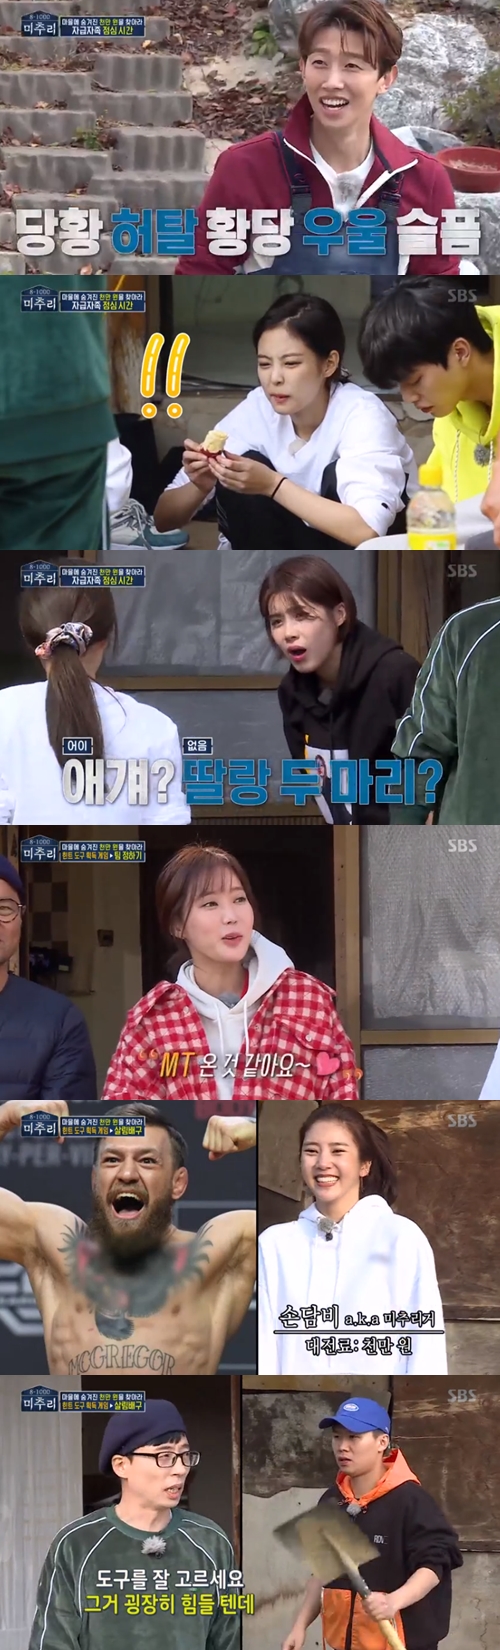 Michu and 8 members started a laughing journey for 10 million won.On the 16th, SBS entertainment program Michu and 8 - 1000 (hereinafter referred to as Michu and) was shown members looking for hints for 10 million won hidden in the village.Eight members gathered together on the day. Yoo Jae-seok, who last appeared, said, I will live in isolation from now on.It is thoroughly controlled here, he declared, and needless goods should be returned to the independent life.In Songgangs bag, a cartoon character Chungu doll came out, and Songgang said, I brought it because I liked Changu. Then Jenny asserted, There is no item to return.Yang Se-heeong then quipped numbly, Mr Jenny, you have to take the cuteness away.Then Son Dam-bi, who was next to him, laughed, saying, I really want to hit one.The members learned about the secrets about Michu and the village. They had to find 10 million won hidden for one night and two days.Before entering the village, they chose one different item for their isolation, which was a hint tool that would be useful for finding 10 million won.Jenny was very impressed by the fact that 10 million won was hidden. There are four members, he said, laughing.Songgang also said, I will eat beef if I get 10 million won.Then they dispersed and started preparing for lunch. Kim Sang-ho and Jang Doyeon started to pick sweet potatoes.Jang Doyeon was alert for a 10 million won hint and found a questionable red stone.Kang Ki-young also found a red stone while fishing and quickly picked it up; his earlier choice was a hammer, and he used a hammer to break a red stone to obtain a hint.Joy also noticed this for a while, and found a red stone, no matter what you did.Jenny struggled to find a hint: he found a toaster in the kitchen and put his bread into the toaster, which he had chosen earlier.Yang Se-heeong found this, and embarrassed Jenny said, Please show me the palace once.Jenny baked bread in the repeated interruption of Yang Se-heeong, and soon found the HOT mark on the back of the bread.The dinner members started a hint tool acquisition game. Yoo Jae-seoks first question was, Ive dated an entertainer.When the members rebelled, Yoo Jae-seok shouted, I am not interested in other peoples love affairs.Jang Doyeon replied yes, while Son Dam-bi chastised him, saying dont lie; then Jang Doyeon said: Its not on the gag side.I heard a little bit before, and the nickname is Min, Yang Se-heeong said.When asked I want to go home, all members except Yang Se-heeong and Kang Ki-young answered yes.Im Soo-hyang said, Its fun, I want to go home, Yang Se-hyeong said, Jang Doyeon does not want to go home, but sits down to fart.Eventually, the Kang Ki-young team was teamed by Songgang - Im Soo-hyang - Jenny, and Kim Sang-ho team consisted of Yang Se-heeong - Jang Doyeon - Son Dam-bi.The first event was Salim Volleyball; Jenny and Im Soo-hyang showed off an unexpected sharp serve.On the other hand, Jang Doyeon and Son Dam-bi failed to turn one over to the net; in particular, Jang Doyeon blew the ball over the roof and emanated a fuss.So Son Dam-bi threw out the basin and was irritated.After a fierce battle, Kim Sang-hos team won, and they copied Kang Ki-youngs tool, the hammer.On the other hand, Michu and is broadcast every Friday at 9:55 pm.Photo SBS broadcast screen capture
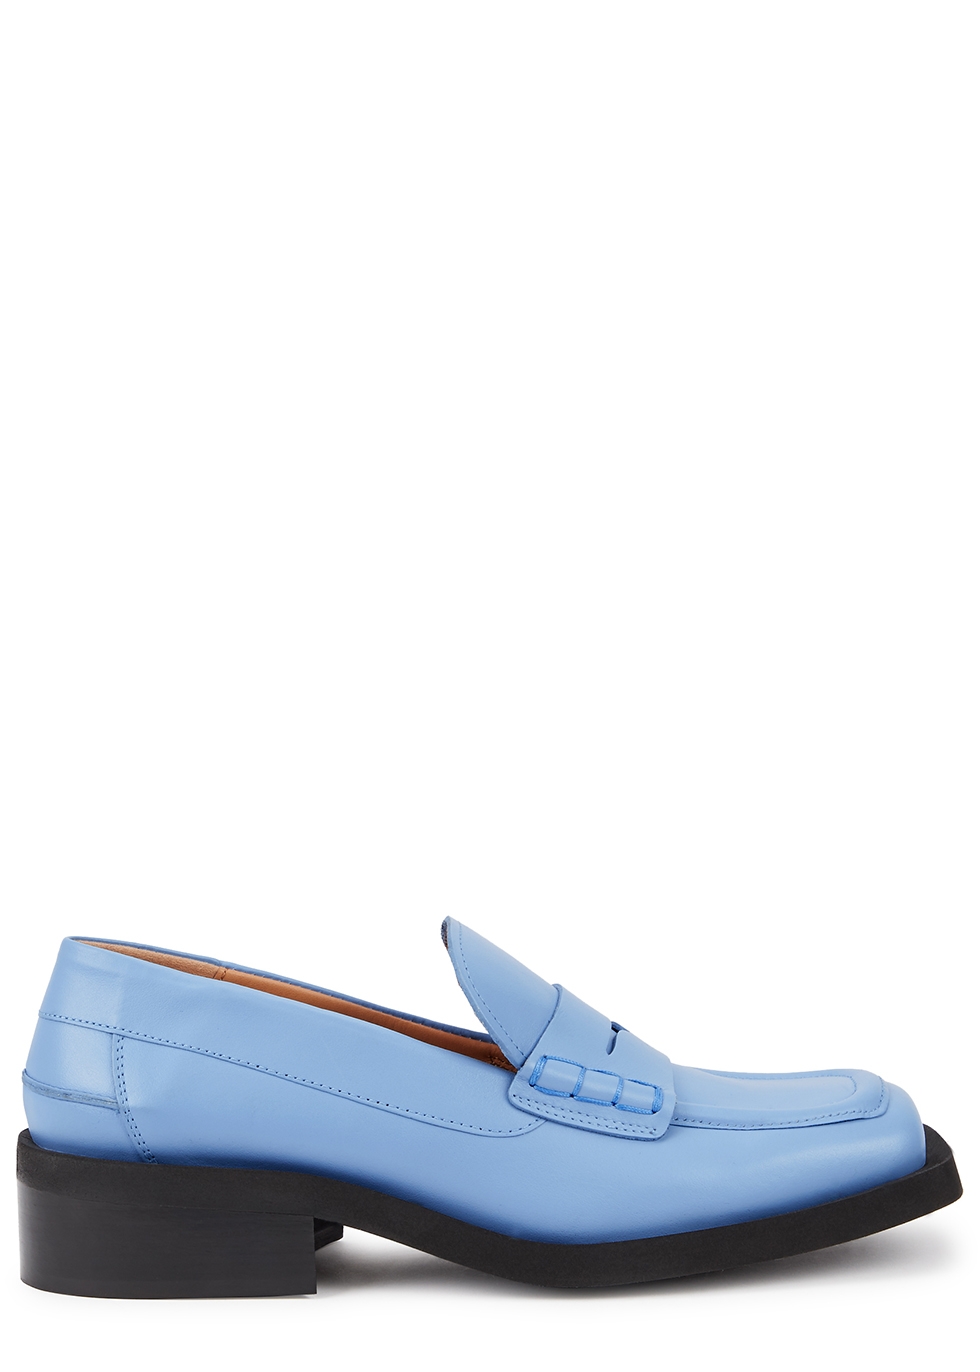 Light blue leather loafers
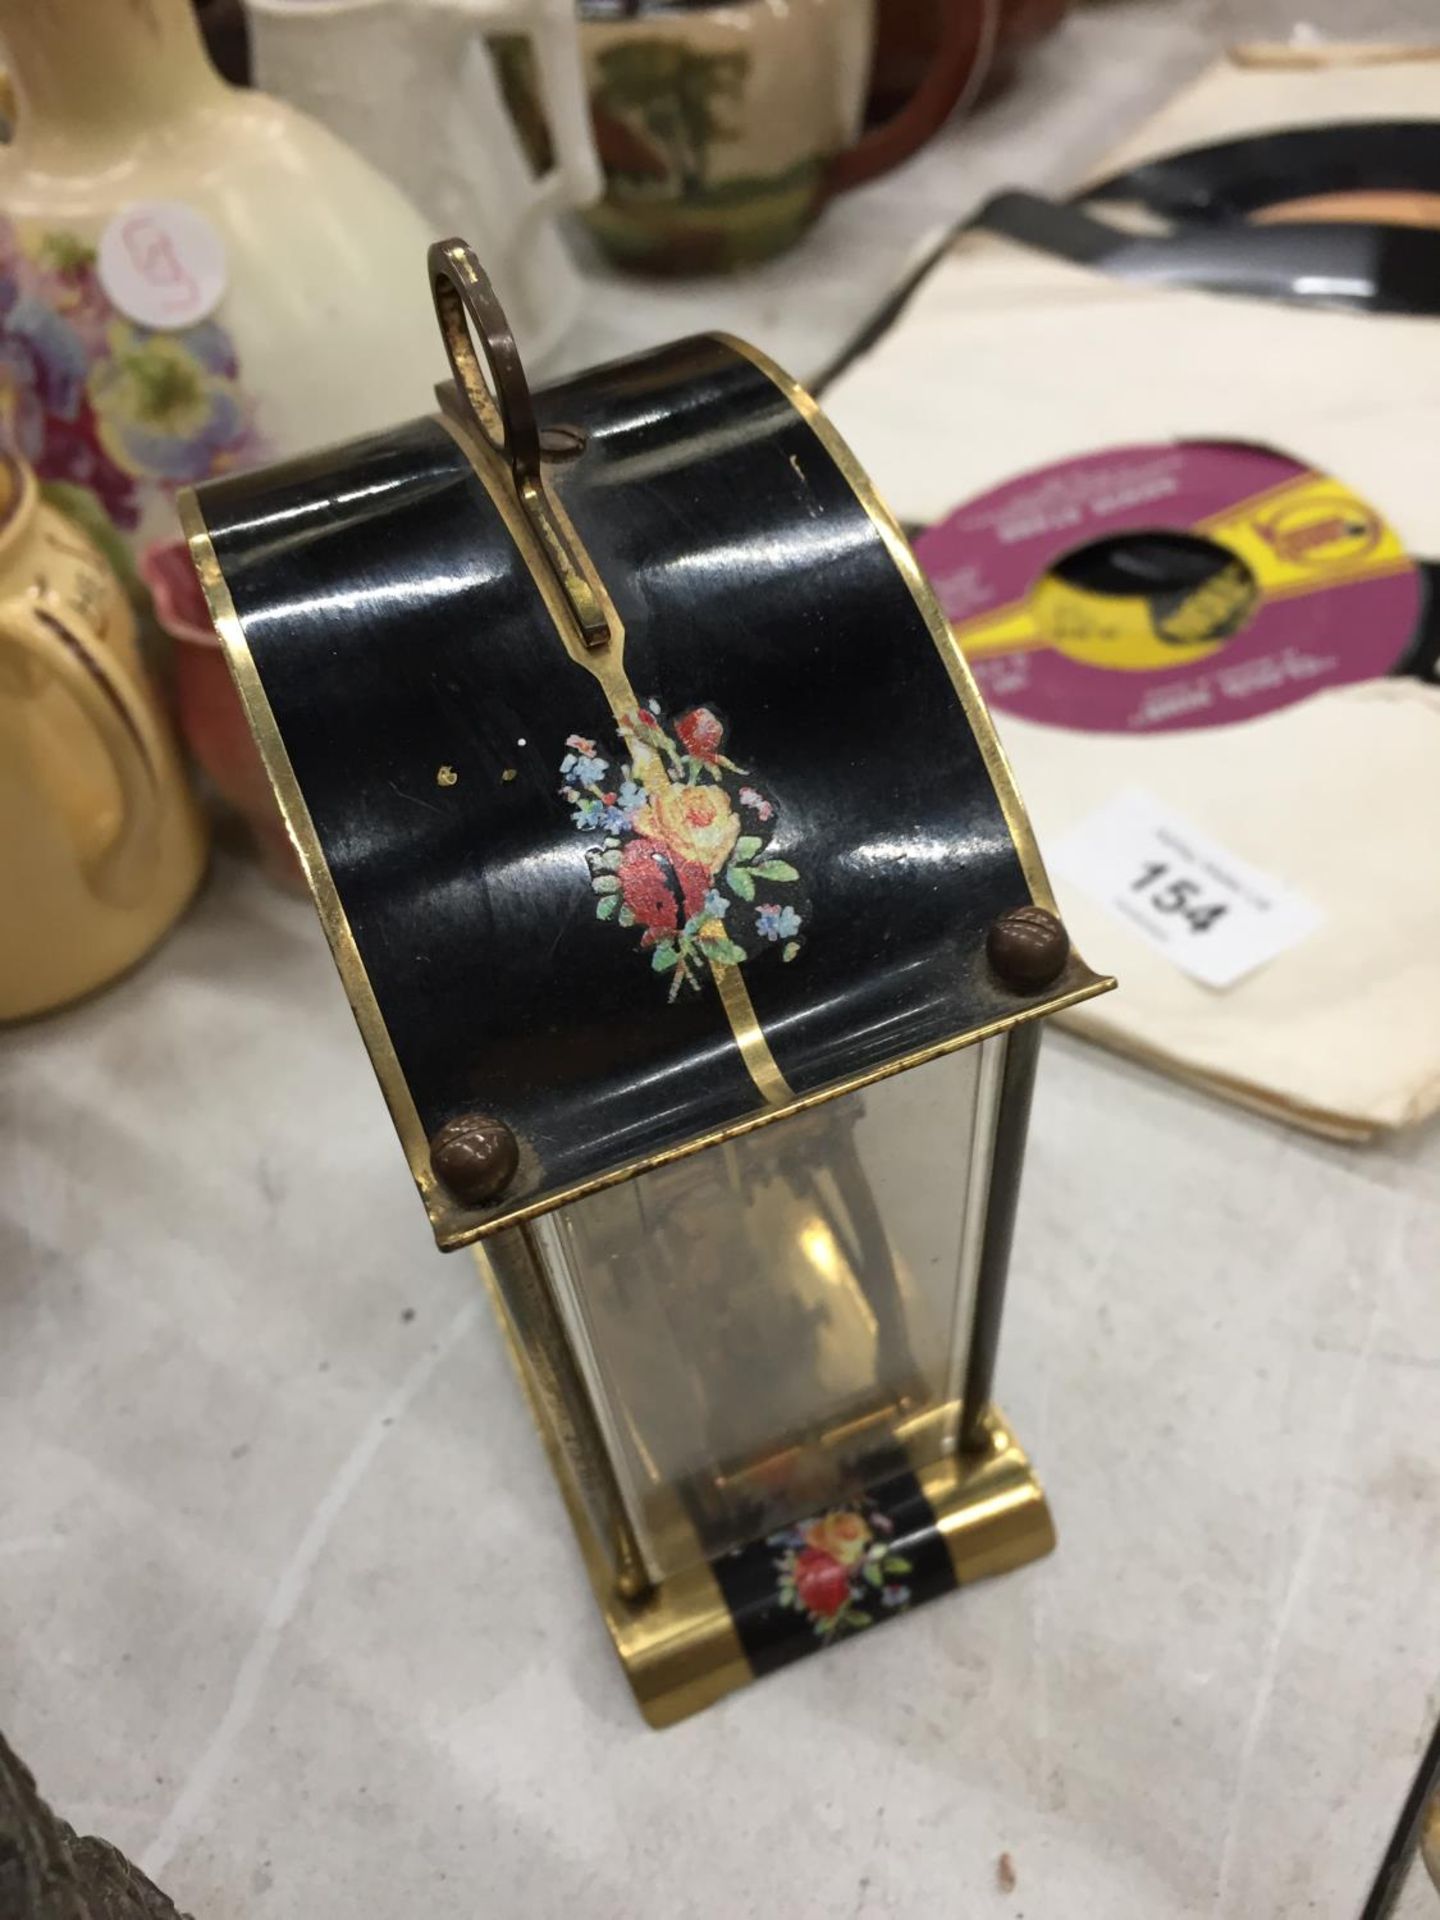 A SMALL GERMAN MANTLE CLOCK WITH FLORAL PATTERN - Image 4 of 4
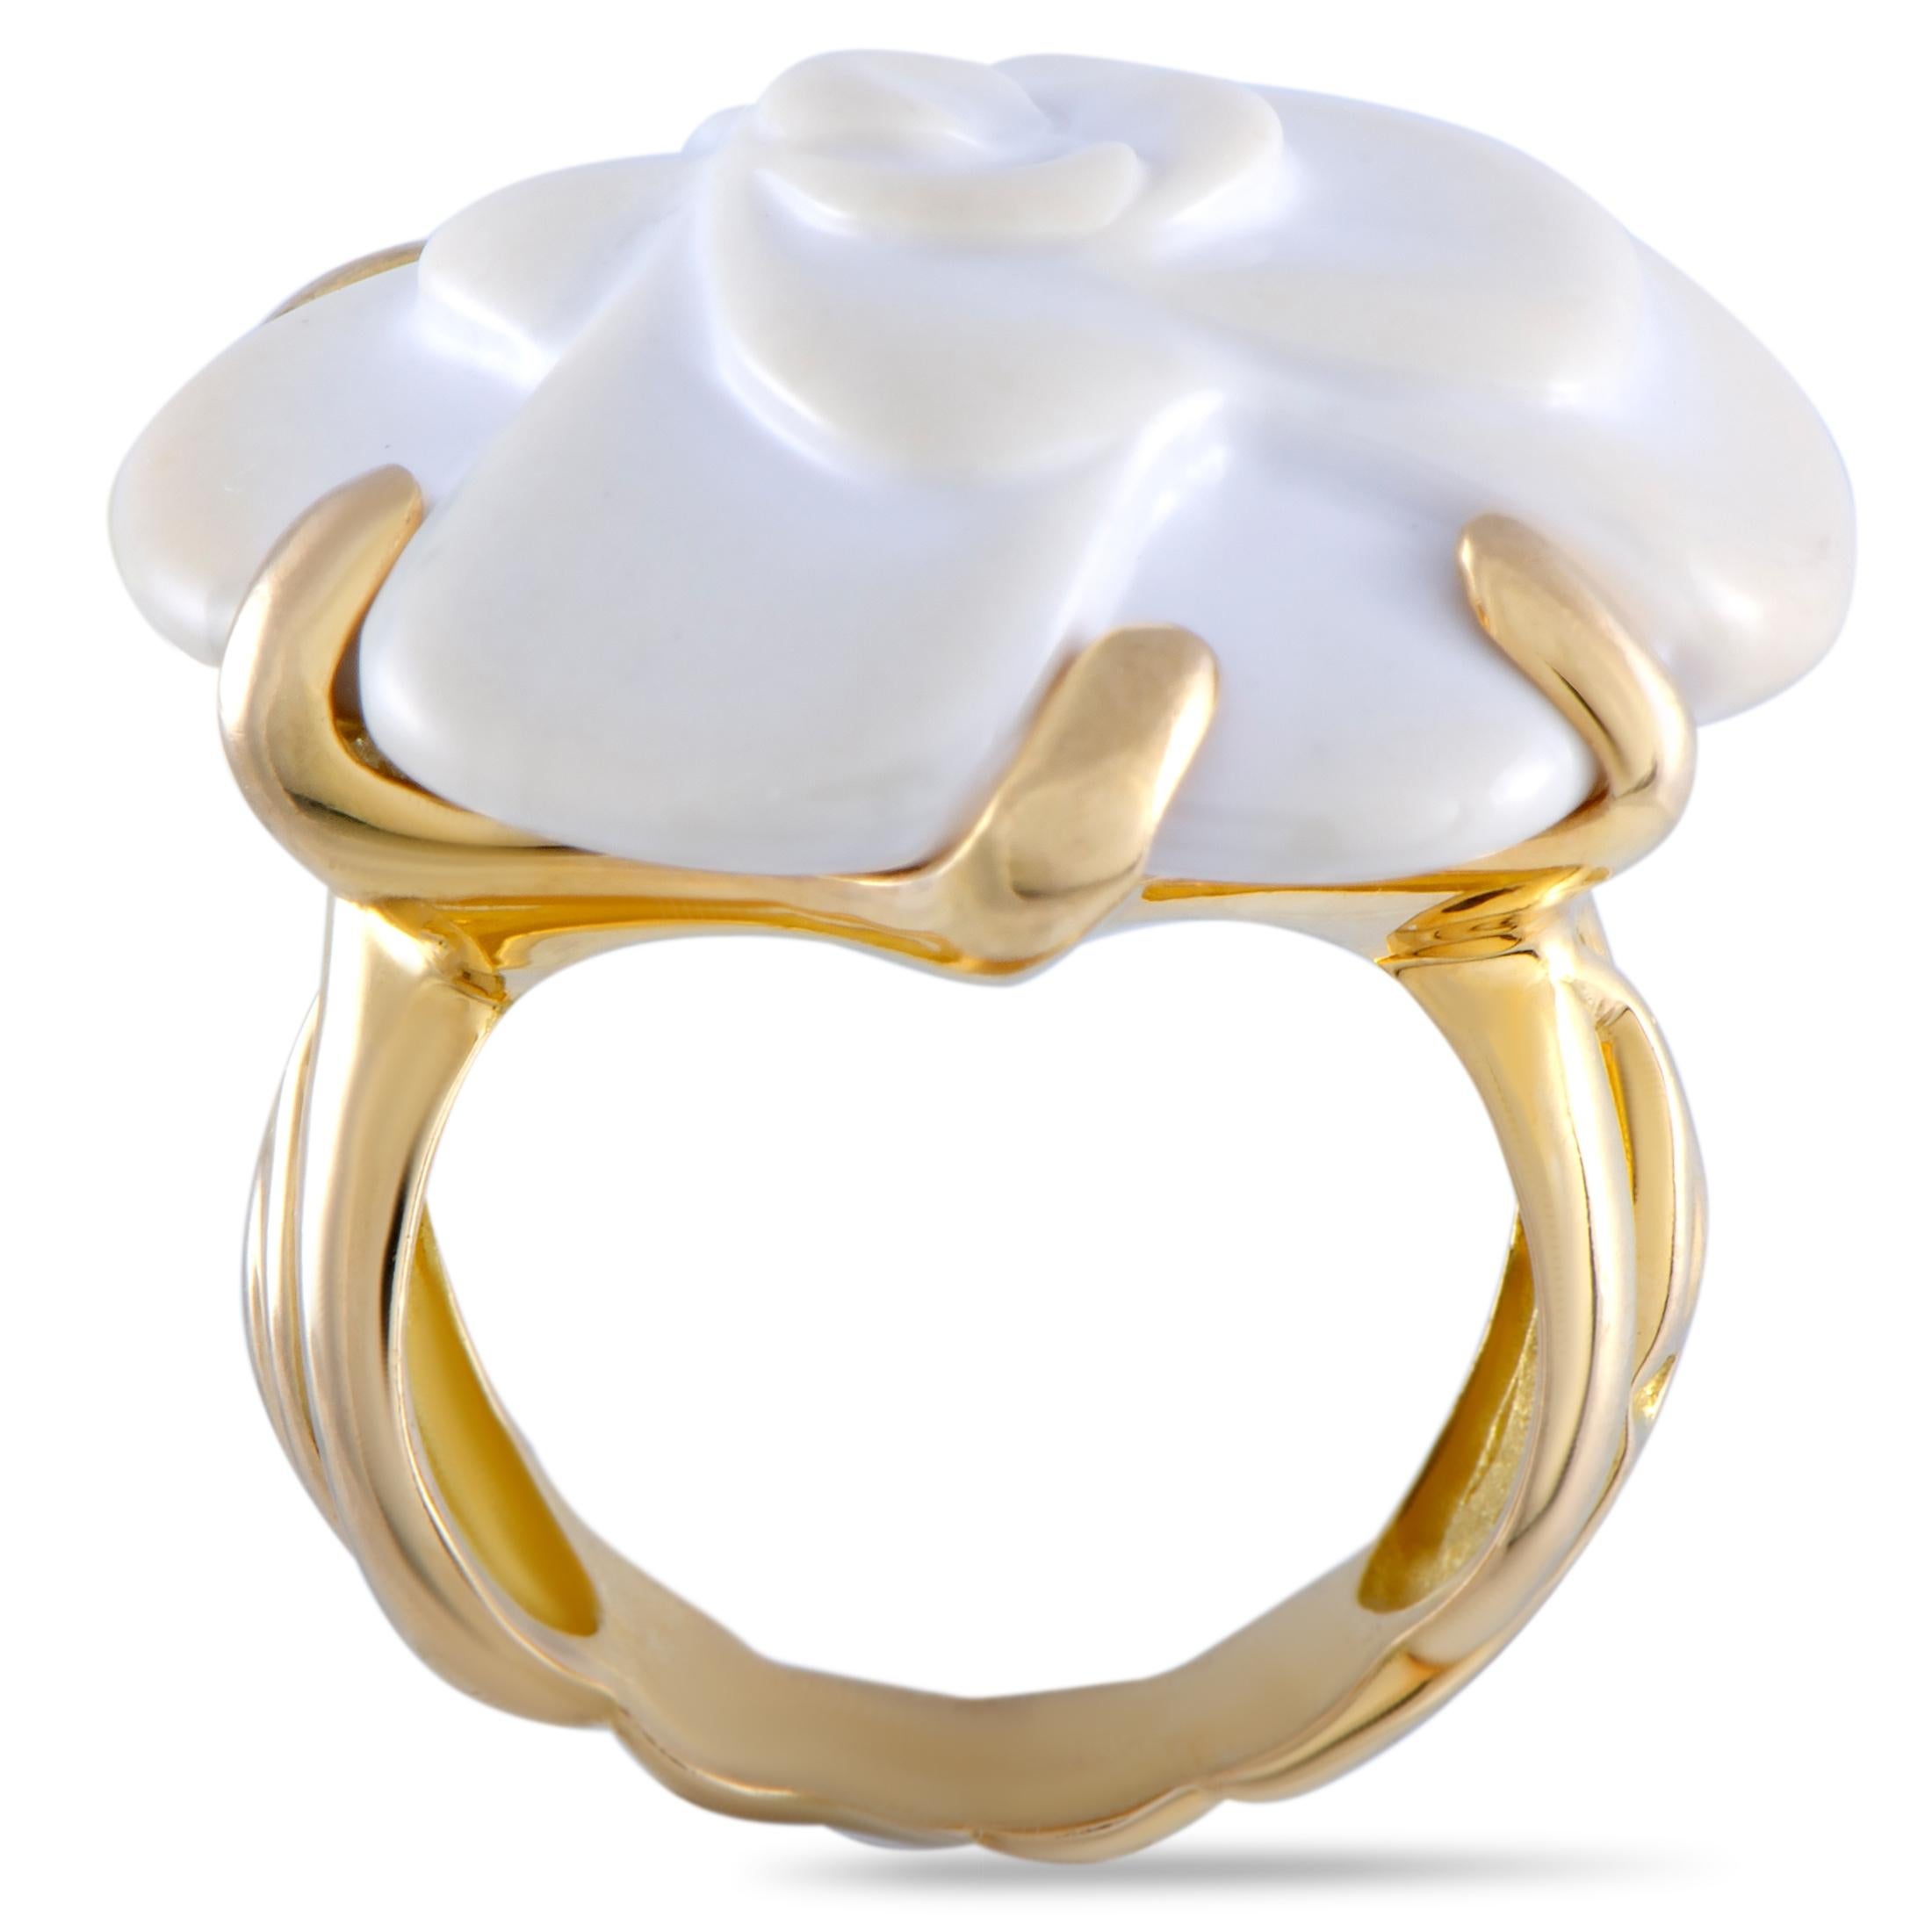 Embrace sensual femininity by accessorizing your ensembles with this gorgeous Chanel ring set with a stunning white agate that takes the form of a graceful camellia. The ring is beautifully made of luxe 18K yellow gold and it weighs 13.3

§ **INSTRUCTIONS TO FOLLOW**:
Print all data above verbatim, except pictures.

§ **EXERCISE SOLUTION**:
 Michu and 8 members started a laughing journey for 10 million won.On the 16th, SBS entertainment program Michu and 8 - 1000 (hereinafter referred to as Michu and) was shown members looking for hints for 10 million won hidden in the village.Eight members gathered together on the day. Yoo Jae-seok, who last appeared, said, I will live in isolation from now on.It is thoroughly controlled here, he declared, and needless goods should be returned to the independent life.In Songgangs bag, a cartoon character Chungu doll came out, and Songgang said, I brought it because I liked Changu. Then Jenny asserted, There is no item to return.Yang Se-heeong then quipped numbly, Mr Jenny, you have to take the cuteness away.Then Son Dam-bi, who was next to him, laughed, saying, I really want to hit one.The members learned about the secrets about Michu and the village. They had to find 10 million won hidden for one night and two days.Before entering the village, they chose one different item for their isolation, which was a hint tool that would be useful for finding 10 million won.Jenny was very impressed by the fact that 10 million won was hidden. There are four members, he said, laughing.Songgang also said, I will eat beef if I get 10 million won.Then they dispersed and started preparing for lunch. Kim Sang-ho and Jang Doyeon started to pick sweet potatoes.Jang Doyeon was alert for a 10 million won hint and found a questionable red stone.Kang Ki-young also found a red stone while fishing and quickly picked it up; his earlier choice was a hammer, and he used a hammer to break a red stone to obtain a hint.Joy also noticed this for a while, and found a red stone, no matter what you did.Jenny struggled to find a hint: he found a toaster in the kitchen and put his bread into the toaster, which he had chosen earlier.Yang Se-heeong found this, and embarrassed Jenny said, Please show me the palace once.Jenny baked bread in the repeated interruption of Yang Se-heeong, and soon found the HOT mark on the back of the bread.The dinner members started a hint tool acquisition game. Yoo Jae-seoks first question was, Ive dated an entertainer.When the members rebelled, Yoo Jae-seok shouted, I am not interested in other peoples love affairs.Jang Doyeon replied yes, while Son Dam-bi chastised him, saying dont lie; then Jang Doyeon said: Its not on the gag side.I heard a little bit before, and the nickname is Min, Yang Se-heeong said.When asked I want to go home, all members except Yang Se-heeong and Kang Ki-young answered yes.Im Soo-hyang said, Its fun, I want to go home, Yang Se-hyeong said, Jang Doyeon does not want to go home, but sits down to fart.Eventually, the Kang Ki-young team was teamed by Songgang - Im Soo-hyang - Jenny, and Kim Sang-ho team consisted of Yang Se-heeong - Jang Doyeon - Son Dam-bi.The first event was Salim Volleyball; Jenny and Im Soo-hyang showed off an unexpected sharp serve.On the other hand, Jang Doyeon and Son Dam-bi failed to turn one over to the net; in particular, Jang Doyeon blew the ball over the roof and emanated a fuss.So Son Dam-bi threw out the basin and was irritated.After a fierce battle, Kim Sang-hos team won, and they copied Kang Ki-youngs tool, the hammer.On the other hand, Michu and is broadcast every Friday at 9:55 pm.Photo SBS broadcast screen capture
 Light blue leather loafers
 A SMALL GERMAN MANTLE CLOCK WITH FLORAL PATTERN - Image 4 of 4
 Embrace sensual femininity by accessorizing your ensembles with this gorgeous Chanel ring set with a stunning white agate that takes the form of a graceful camellia. The ring is beautifully made of luxe 18K yellow gold and it weighs 13.3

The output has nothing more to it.